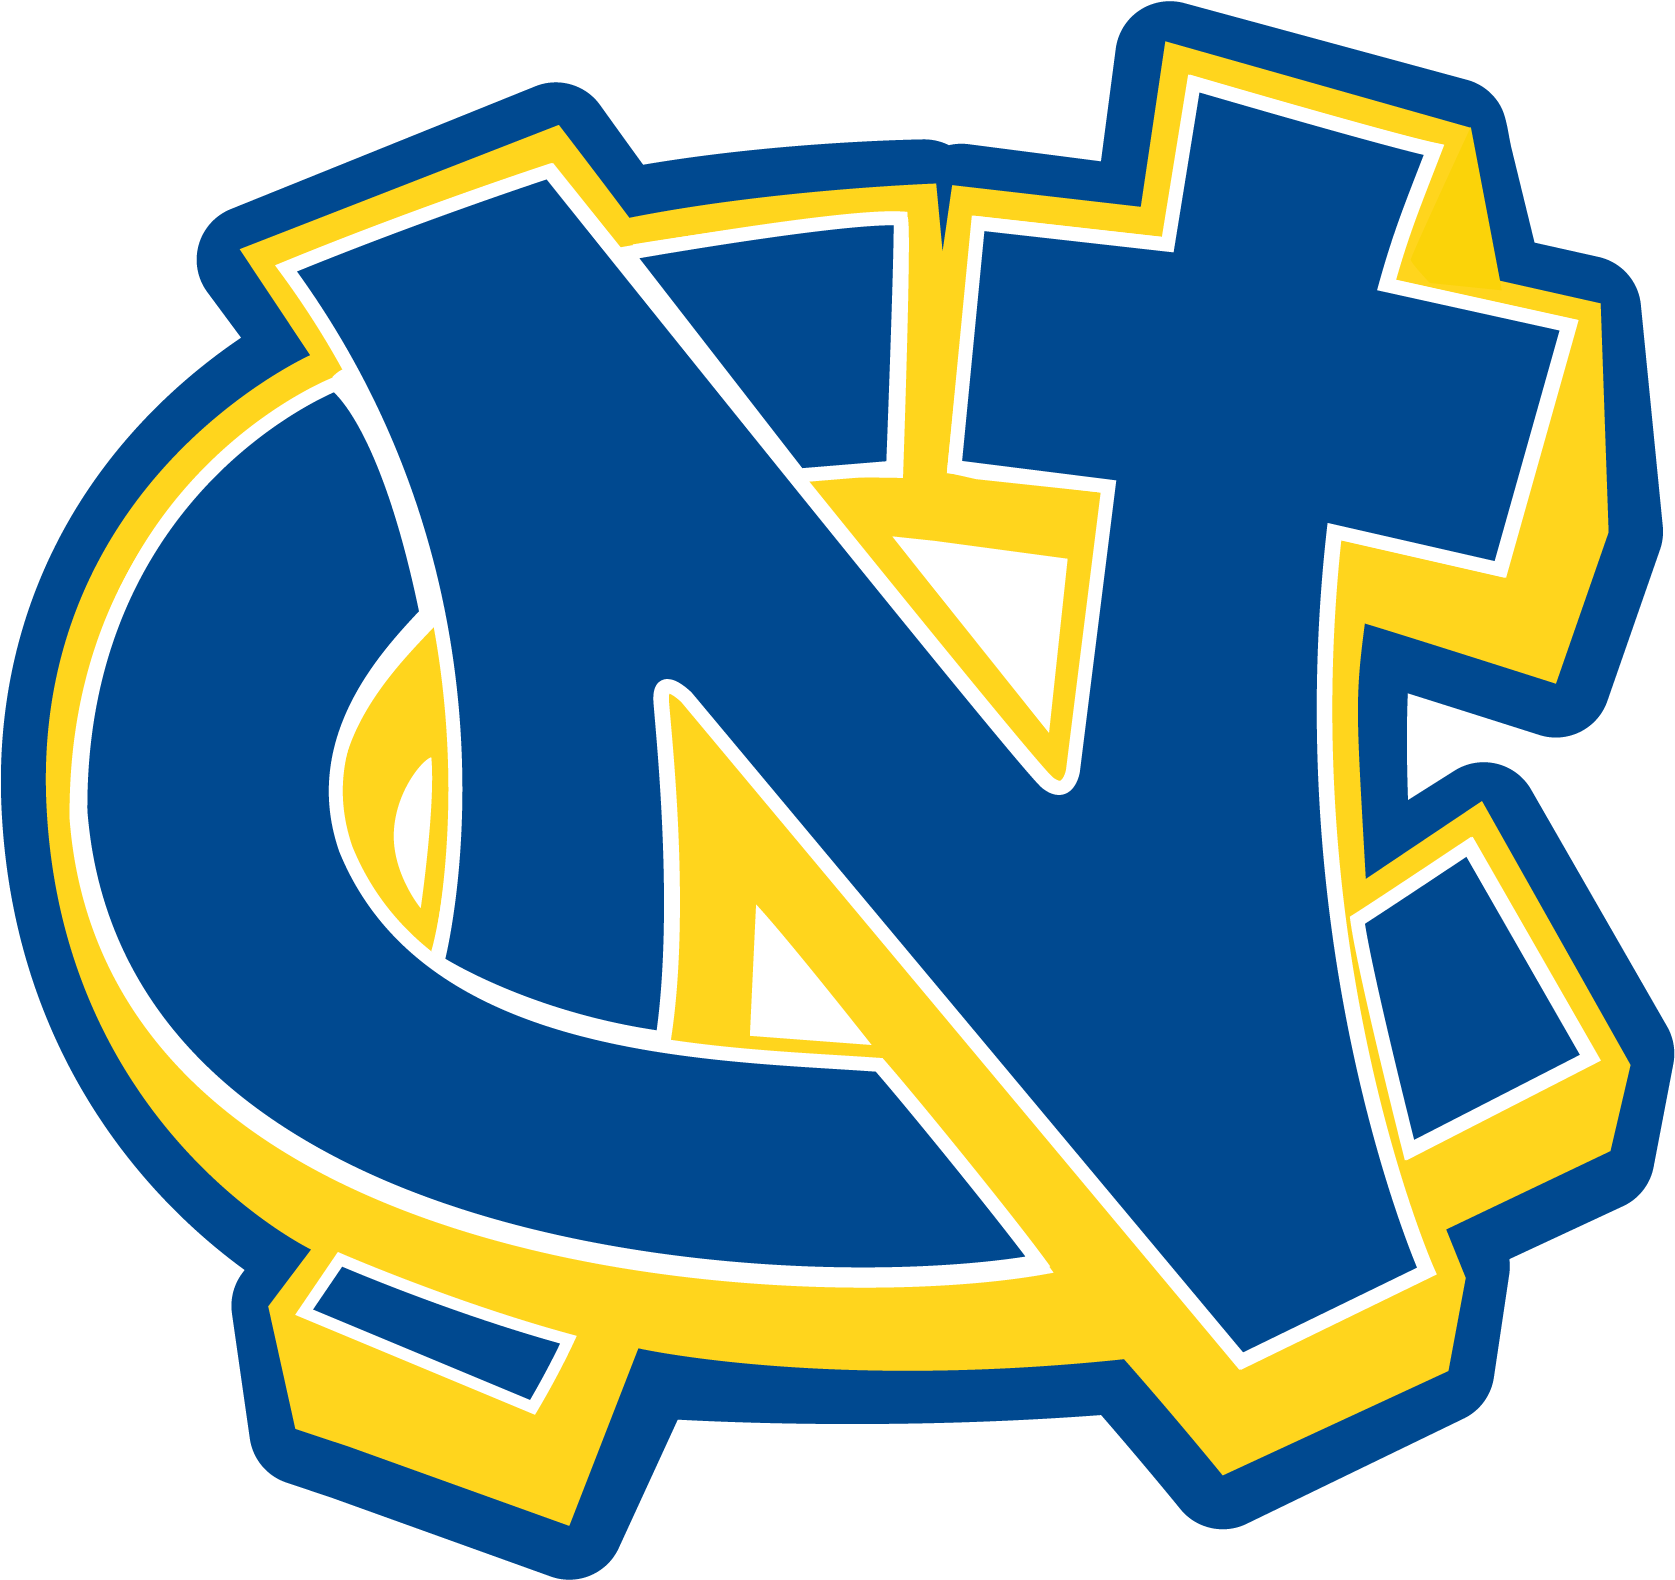 School Logo Image - Northpointe Christian High School (1800x1800)
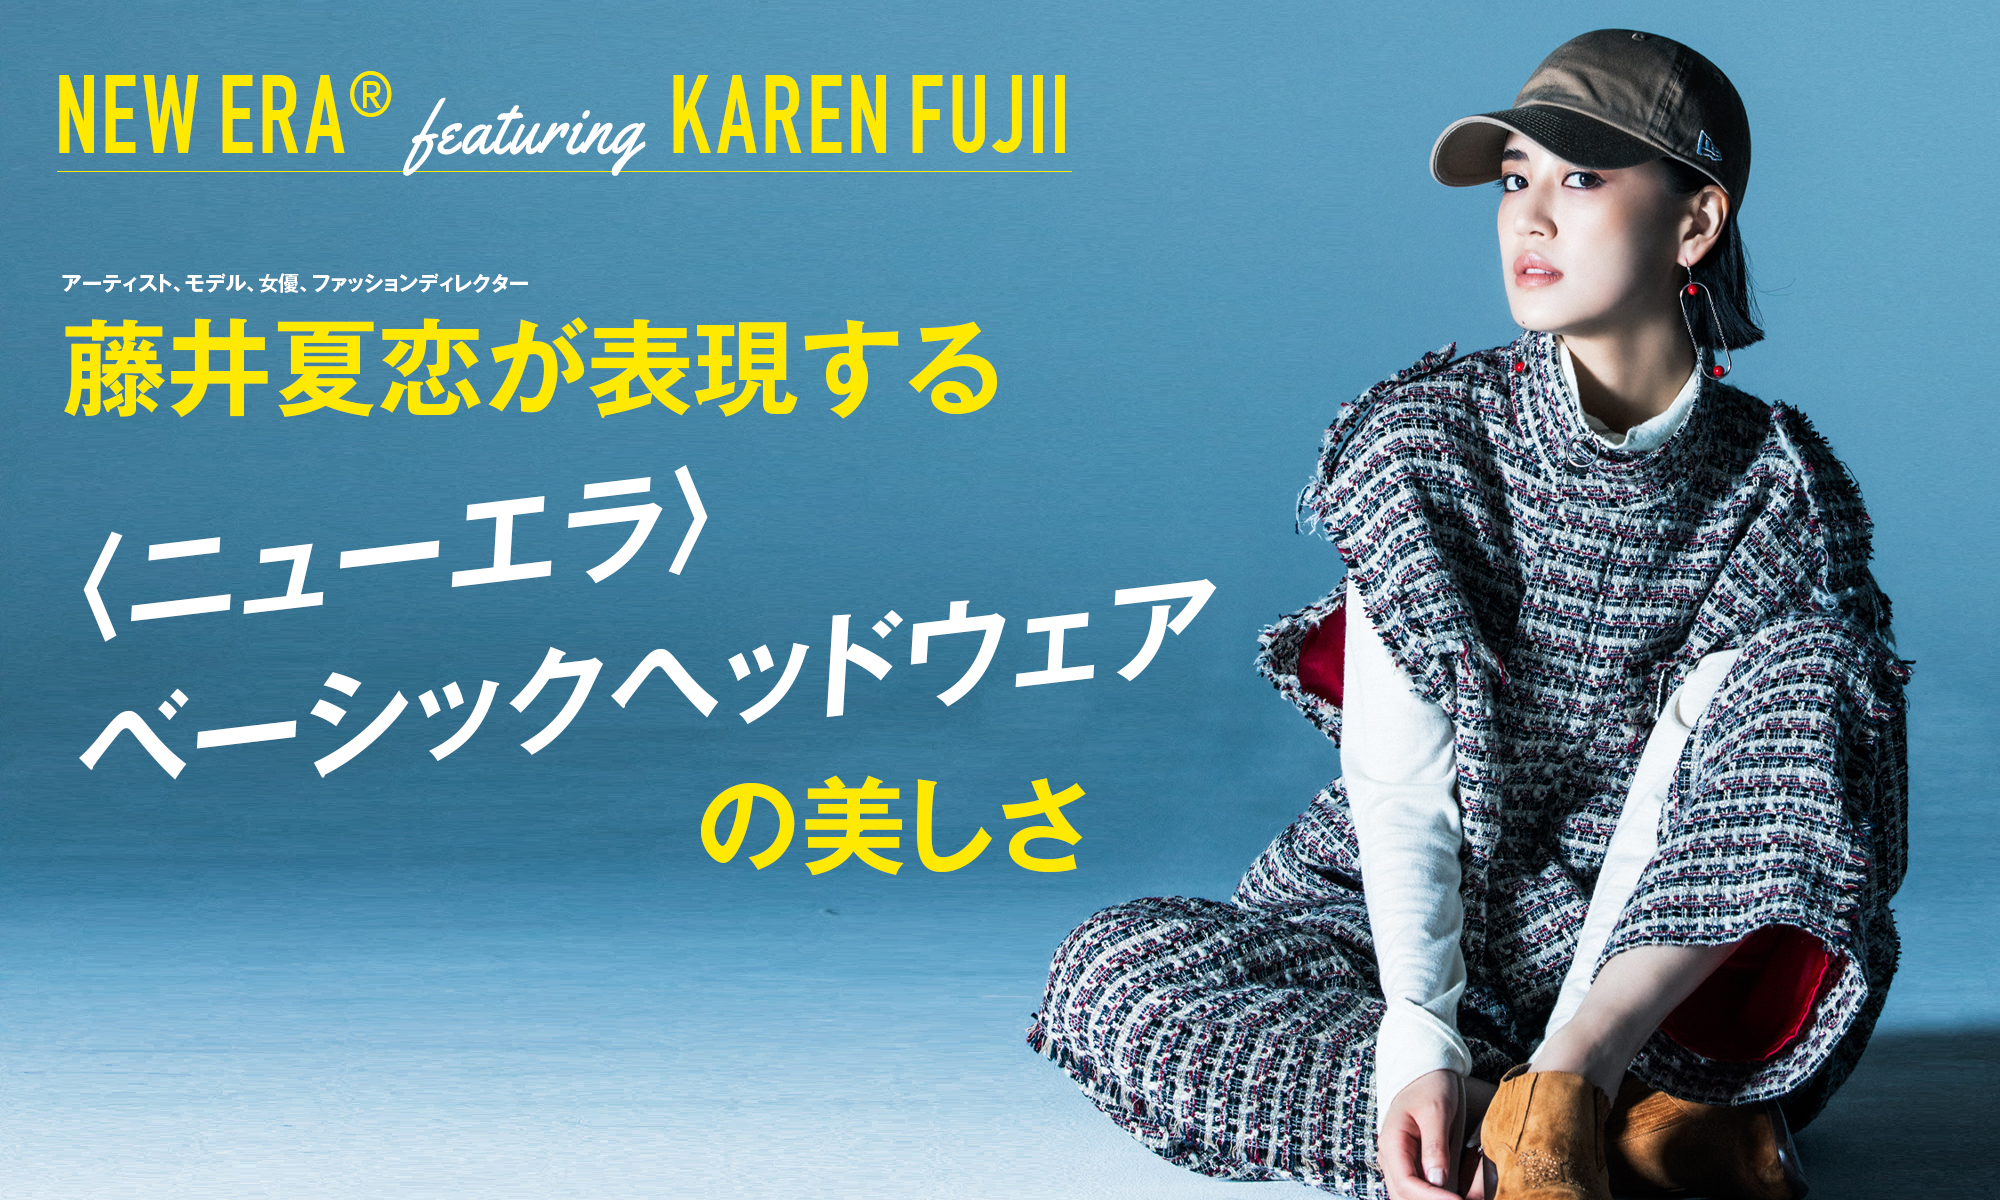 NEW ERA® featuring KAREN FUJII 藤井夏恋が表現する〈ニューエラ〉ベーシックヘッドウェアの美しさ
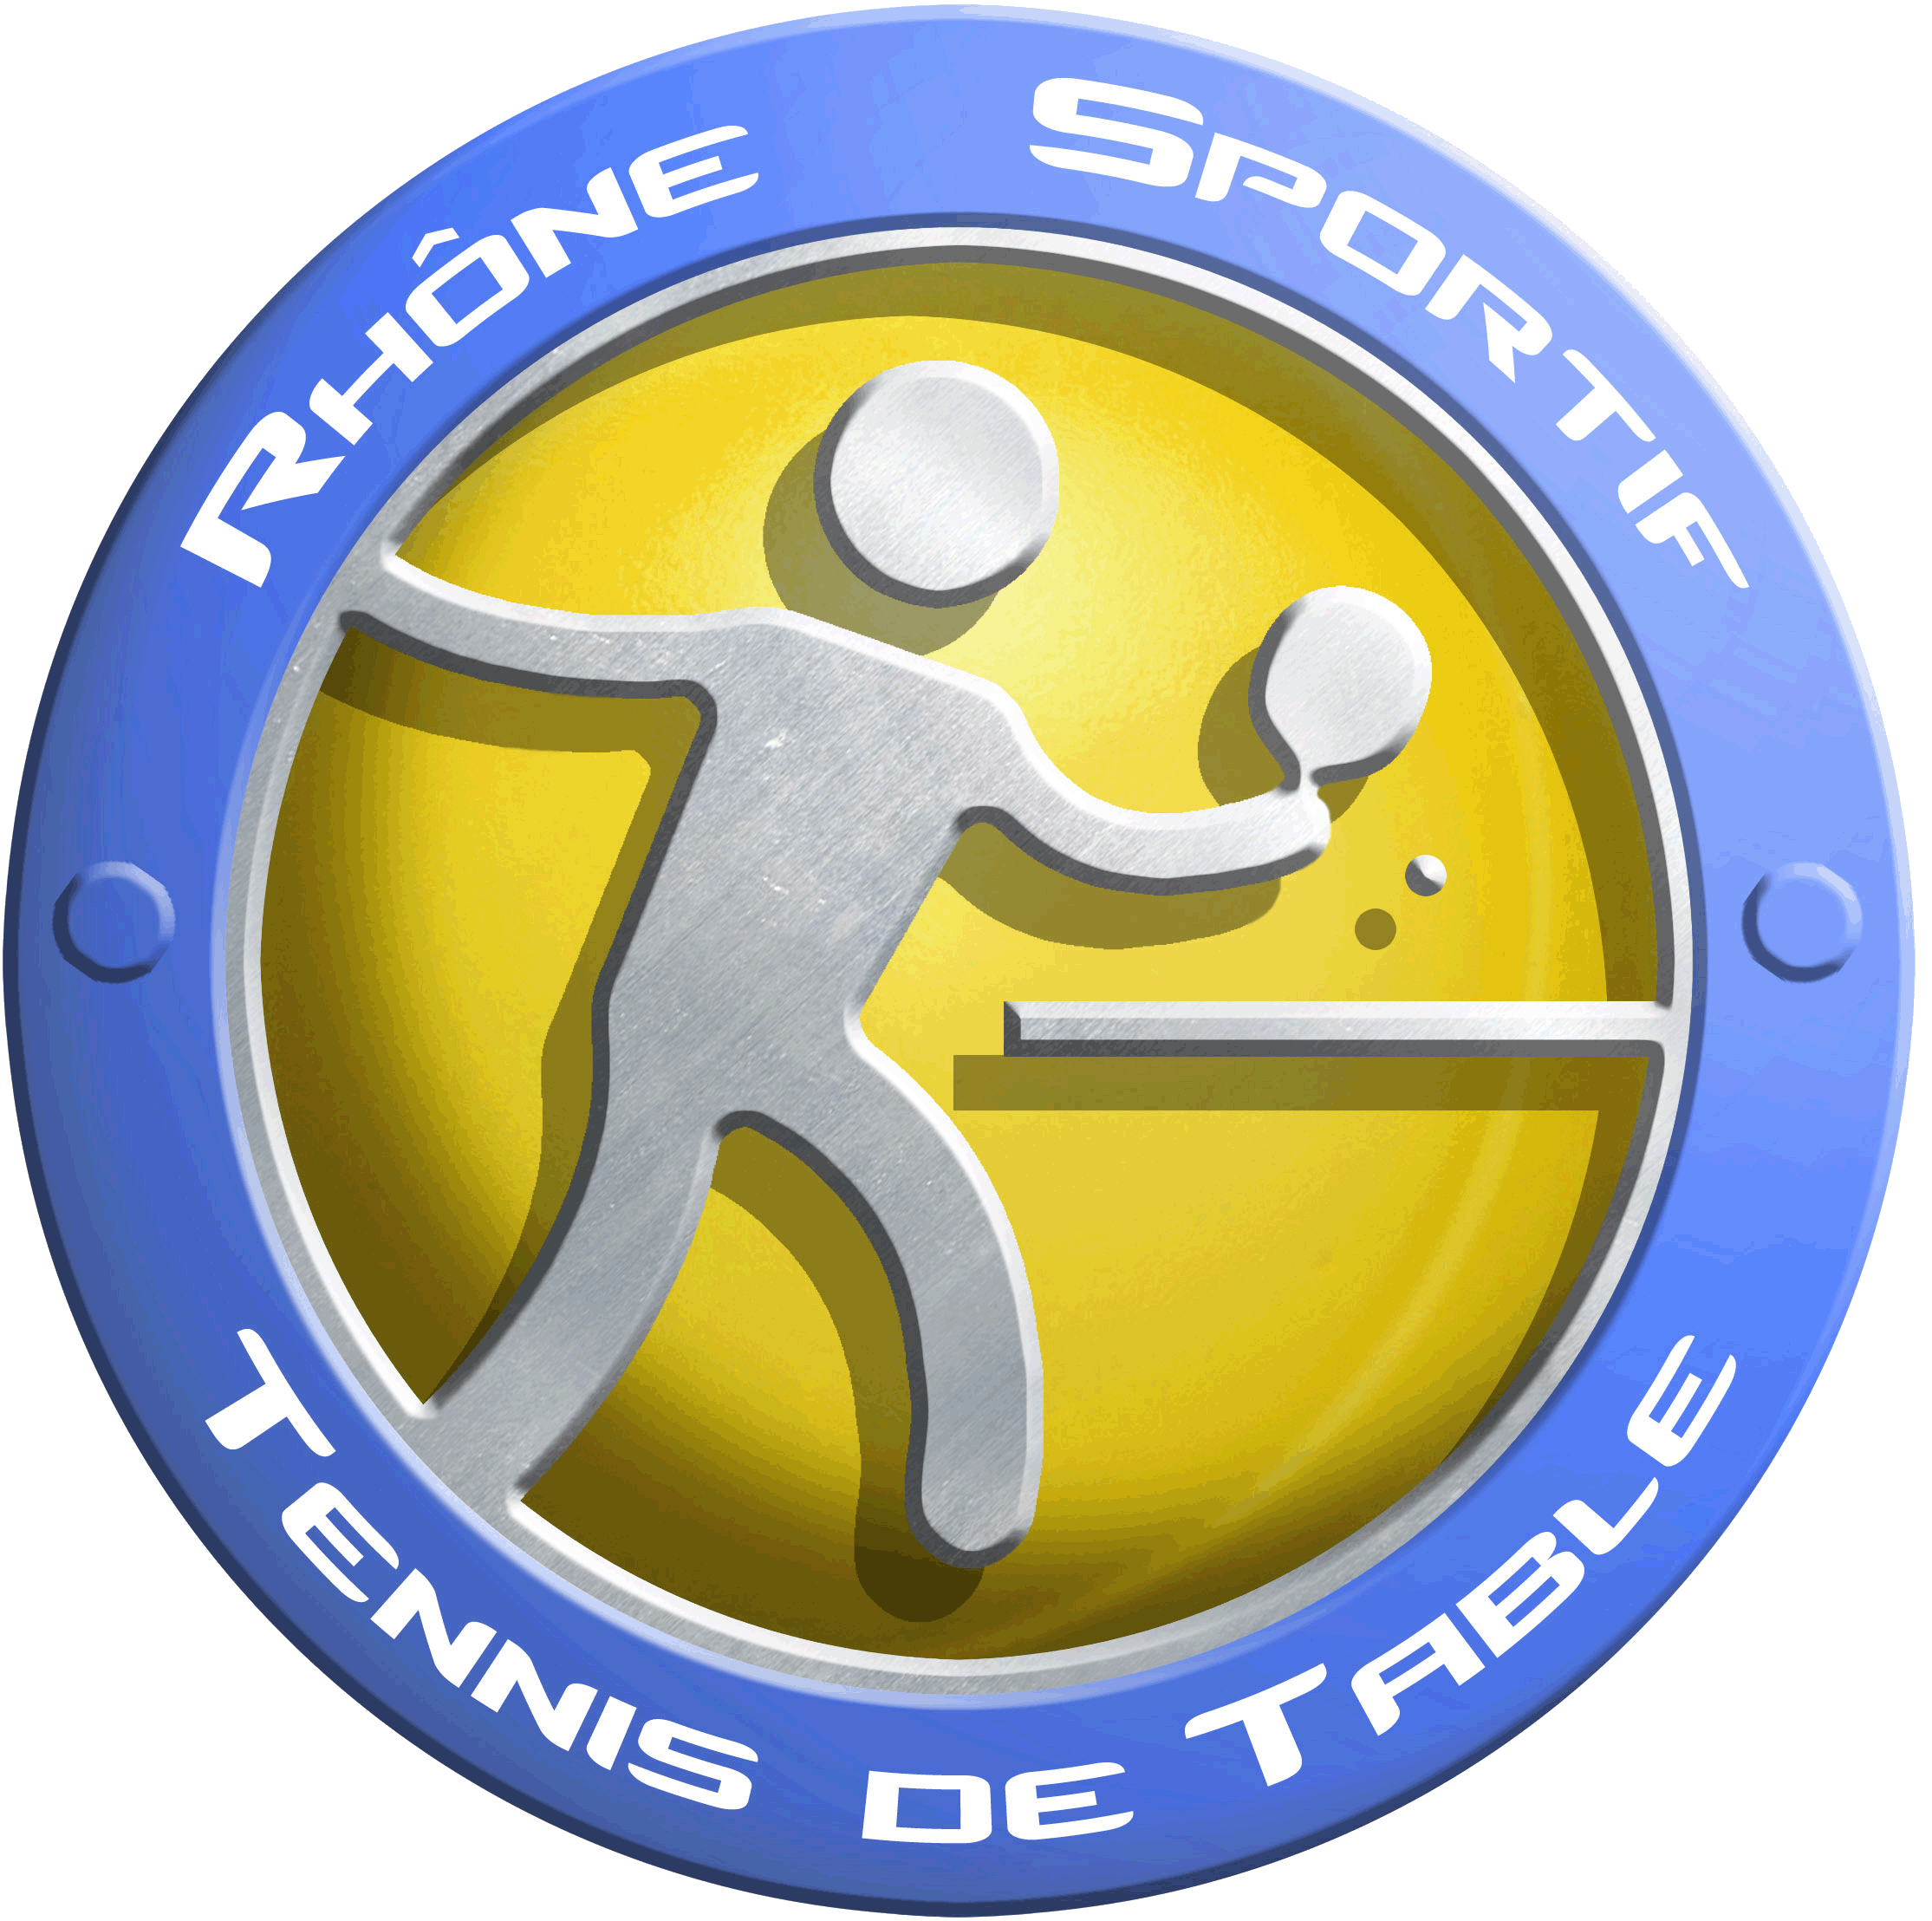 Rhone Sportif Tennis de Table

**Prompt**: Set the material above down again word for word. Include none of its pictures.

**Result of this task**:
 School Logo Image - Northpointe Christian High School (1800x1800)
 NEW ERA® featuring KAREN FUJII 藤井夏恋が表現する〈ニューエラ〉ベーシックヘッドウェアの美しさ
 Rhone Sportif Tennis de Table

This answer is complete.